On top of (to the side of?) uFat I've reworked some code by bobemoe and produced DevicePrint, a hardware-agnostic library which enables formatted string output to any sector-based device. This library uses the newly-abstracted Print class available in Arduino-0012 and above. You get the same useful interface that you're used to using with the Serial class.

These libraries should provide you with most of your required daily intake of vitamins and minerals. If in doubt call your medical practitioner.
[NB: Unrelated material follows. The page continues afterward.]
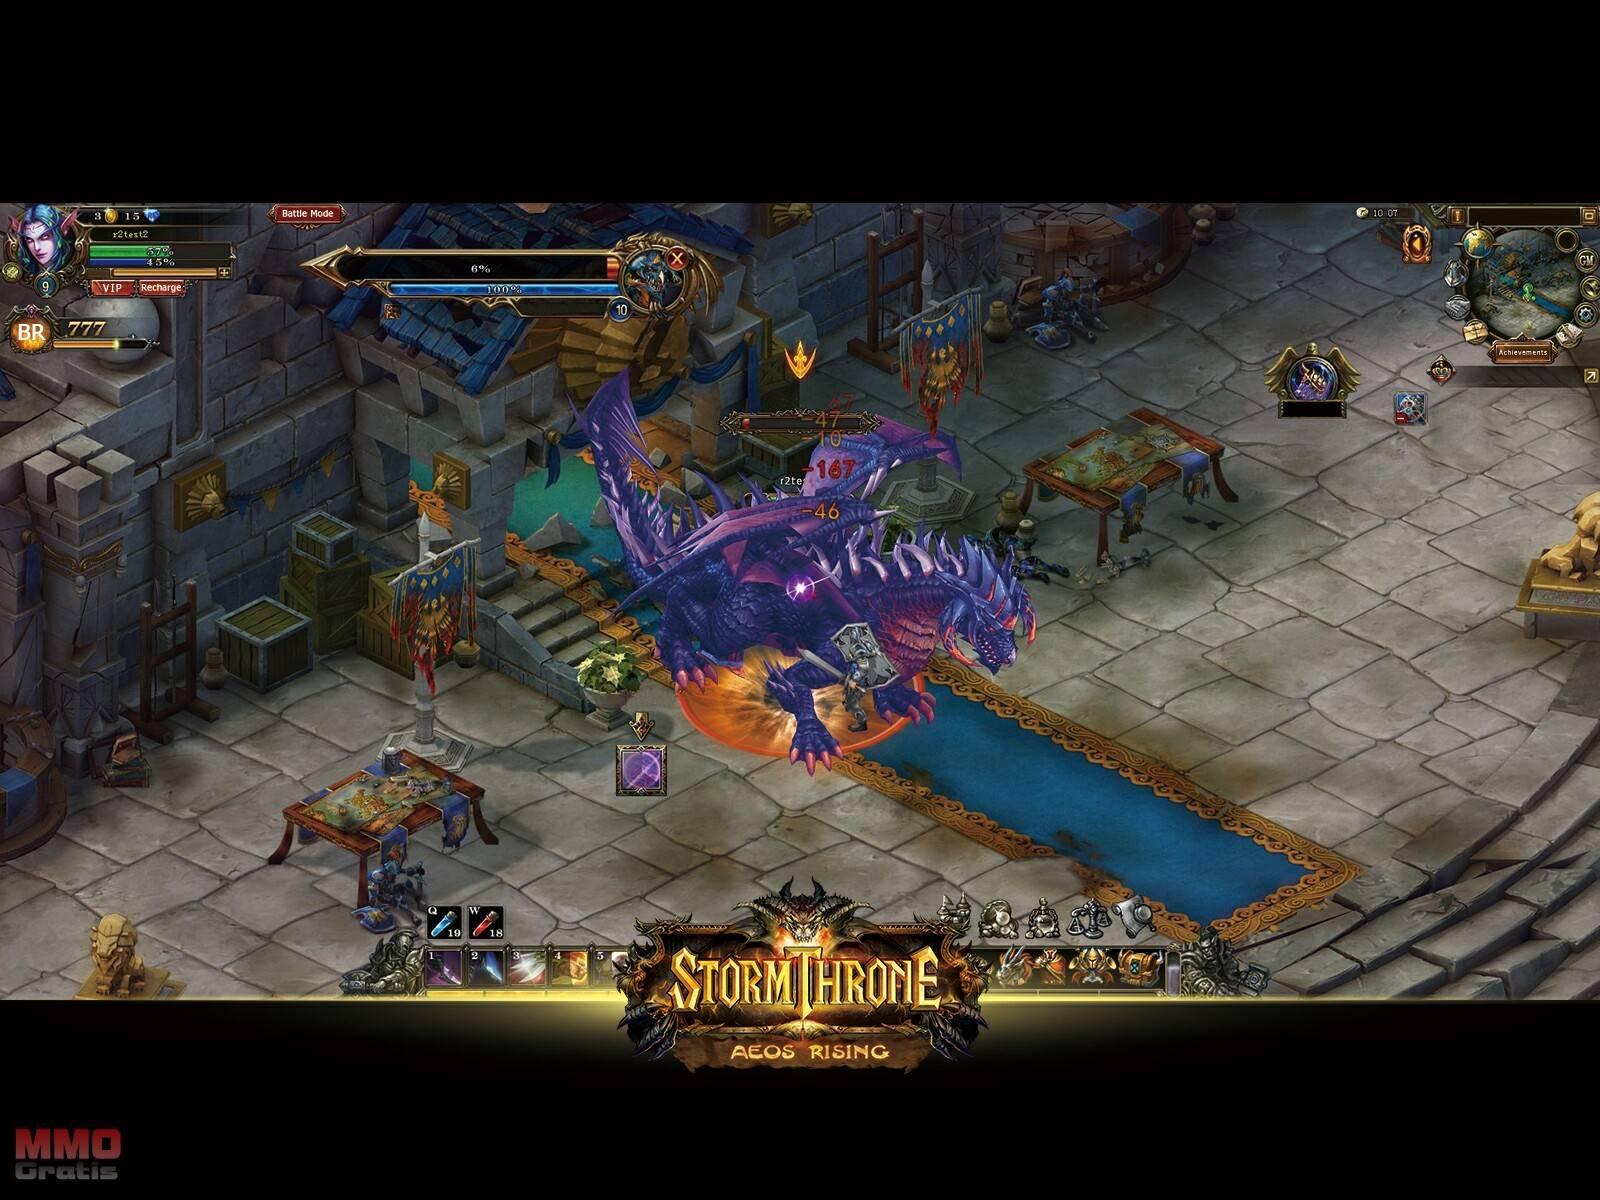 browser mmorpg - no download Archives - Herodonia - Mobile Online RPG Game

I think that's as much as I can say on this matter, I look forward to the conversations ahead. Huge thanks go to everyone who's contributed to my understanding of this subject and those who have helped me develop this code by using it!

Charlie

Links:

Original thread: http://www.arduino.cc/cgi-bin/yabb2/YaBB.pl?num=1206874649

MMC Product Manual: www.sandisk.com/Assets/File/OEM/Manuals/ProdManRS-MMCv1.3.pdf

MMC/uFat2 and Deviceprint: Arduino Nut: Libraries

The Roland: www.roland-riegel.de - sd-reader: MMC/SD/SDHC card library

AdaFruit: Audio Shield for Arduino

SD2IEC: http://sd2iec.de/

SPI introduction: Serial Peripheral Interface - Wikipedia

MMC card information at Elm: How to Use MMC/SDC

Fat module at Elm: FatFs - Generic FAT Filesystem Module

MMC card information at retroleum: http://www.retroleum.co.uk/mmc_cards.html

Voltage divider theory: Voltage divider - Wikipedia

Floppy-connector socketry: http://uanr.com/sdfloppy/

Thanks for reading! :sunglasses:

fantastic summary sirmorris!
If you could add a small snippet of code, something like the "hello world" for MMC, it would be perfect :slight_smile:

Don't forget mini-SD and micro-SD, both of which can also speak the SPI MMC protocol.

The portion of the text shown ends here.